Prompt:
Copy all lines below exactly as written. Leave pictures out.
Study material: Begin
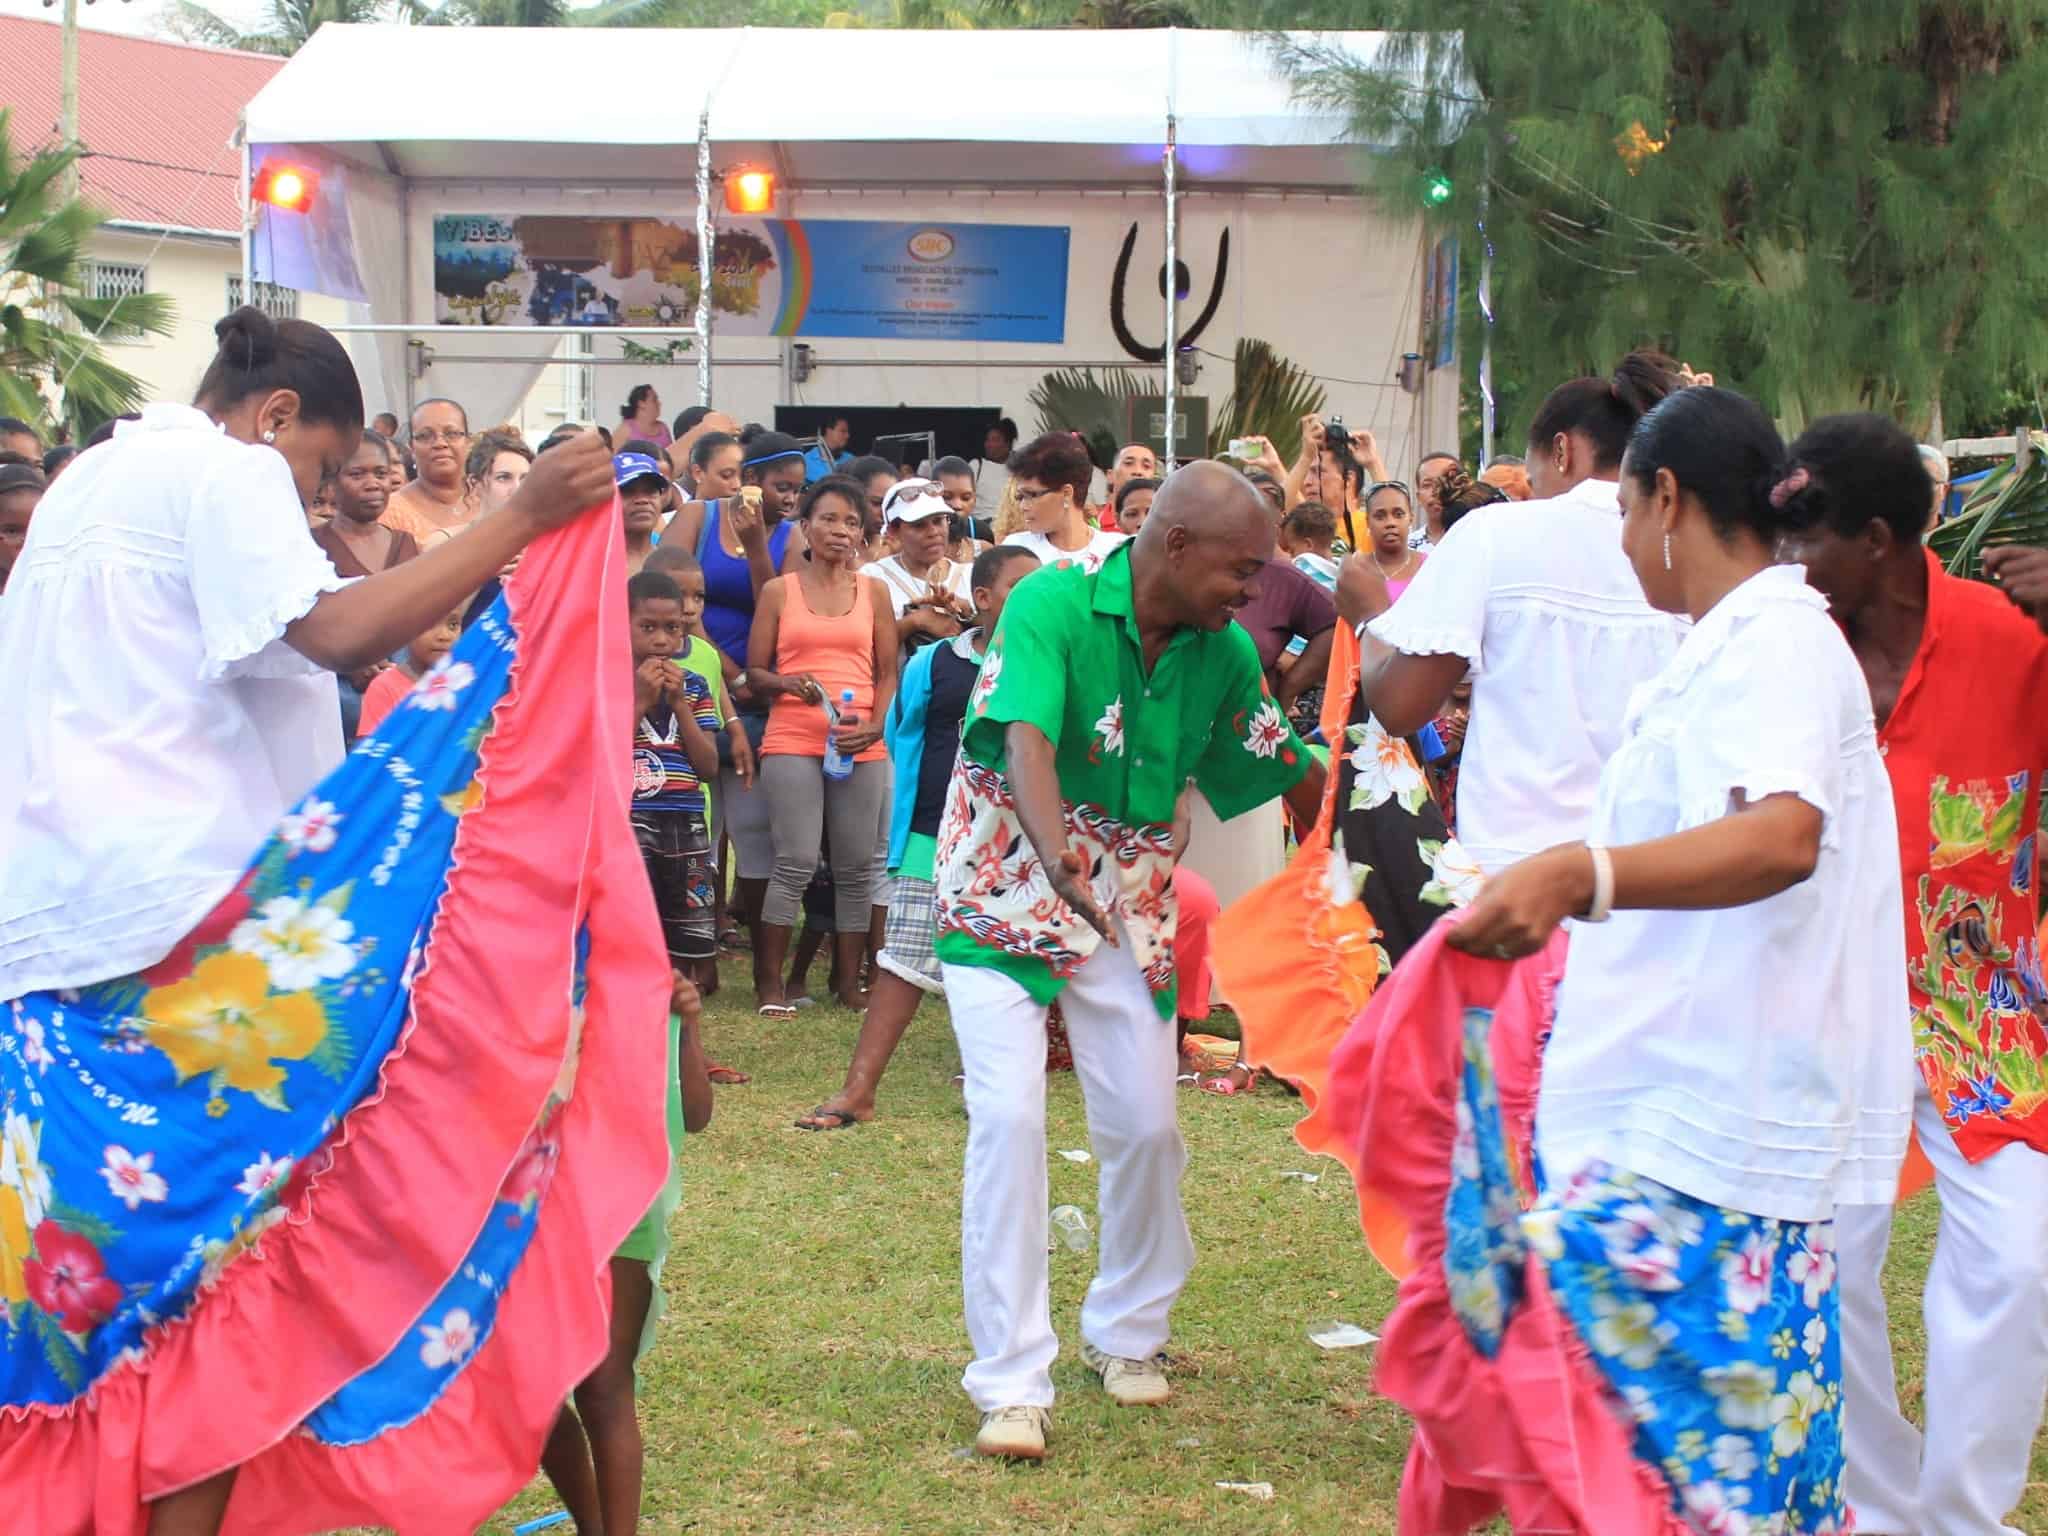 traditional dancing in seychelles
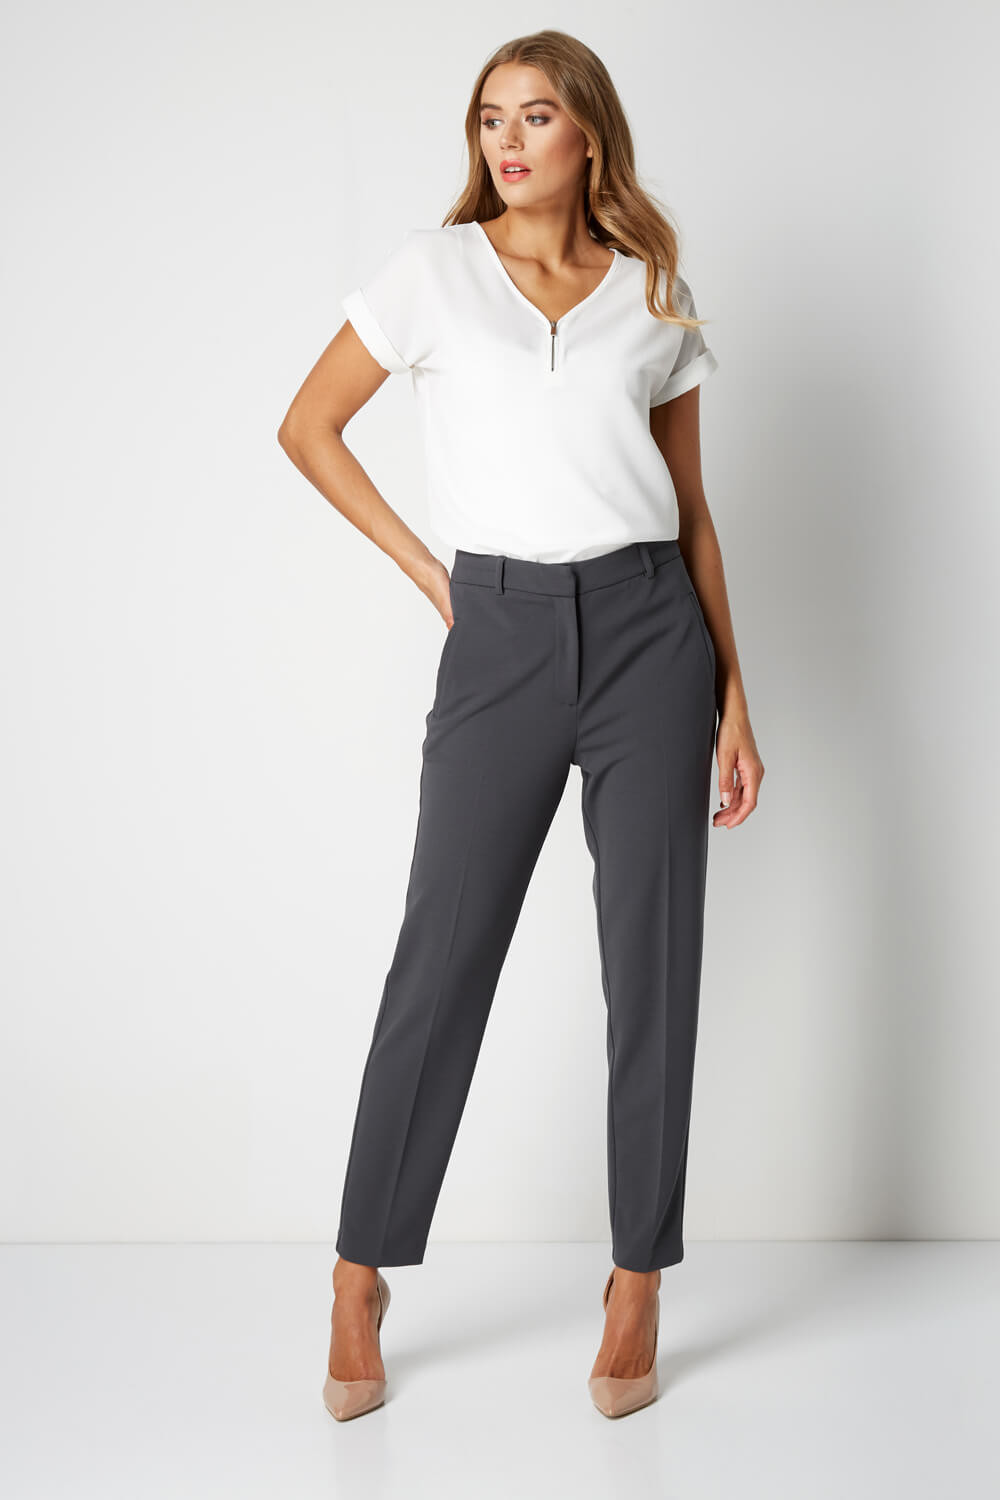 Rules for Petites, Pants Edition - PureWow
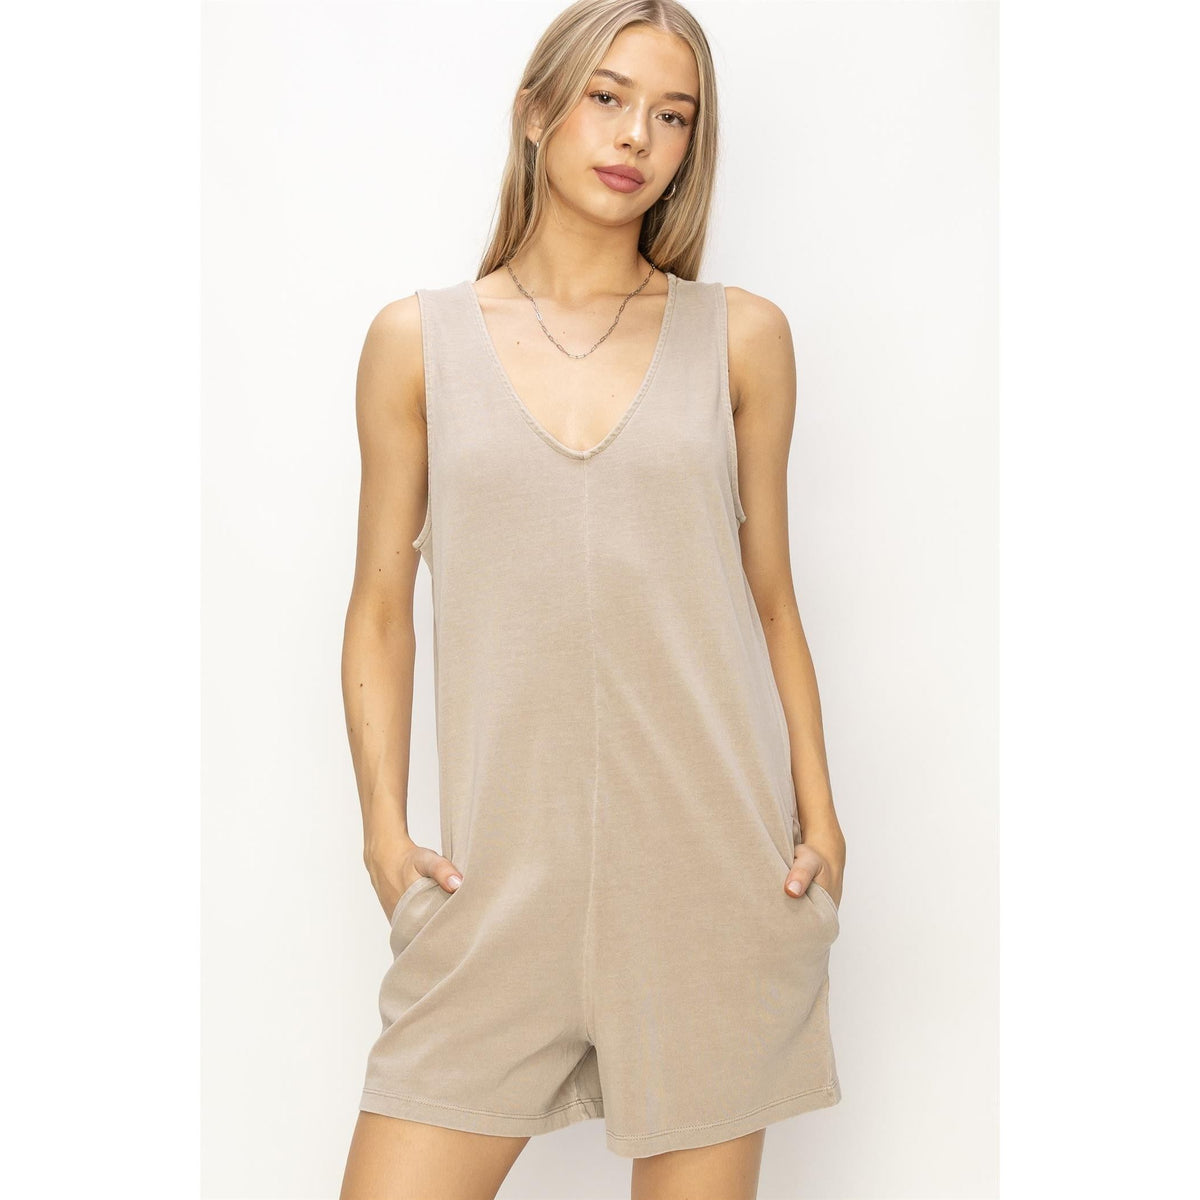 Adventurer Romper (Available in Multiple Colors)
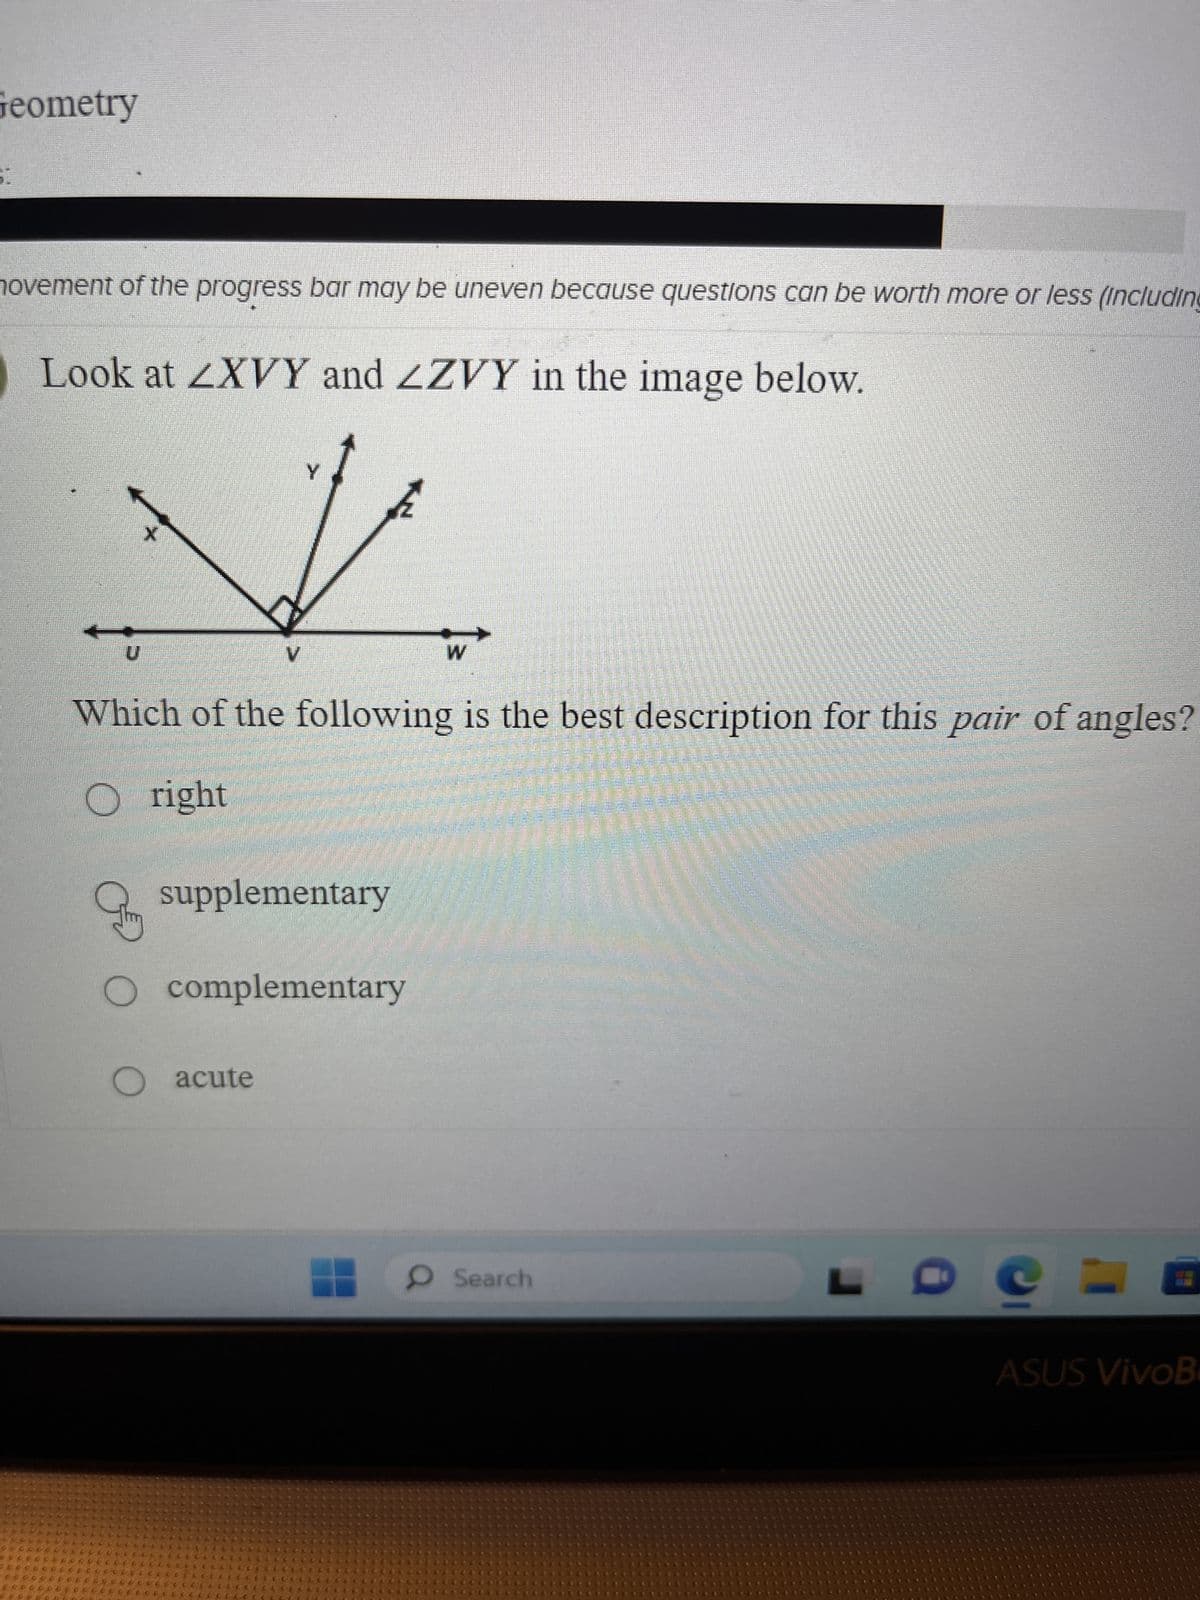 Geometry
movement of the progress bar may be uneven because questions can be worth more or less (including
Look at LXVY and ZZVY in the image below.
U
£
Which of the following is the best description for this pair of angles?
Oright
supplementary
O complementary
O acute
CELLCCCCCCCCC
CCCCCCCCCC
CL COLLE
W
O Search
ASUS VivoB
Study material: End
Finished exercise:
 traditional dancing in seychelles
 Rules for Petites, Pants Edition - PureWow
 Adventurer Romper (Available in Multiple Colors)
 Geometry
movement of the progress bar may be uneven because questions can be worth more or less (including
Look at LXVY and ZZVY in the image below.
U
£
Which of the following is the best description for this pair of angles?
Oright
supplementary
O complementary
O acute
CELLCCCCCCCCC
CCCCCCCCCC
CL COLLE
W
O Search
ASUS VivoB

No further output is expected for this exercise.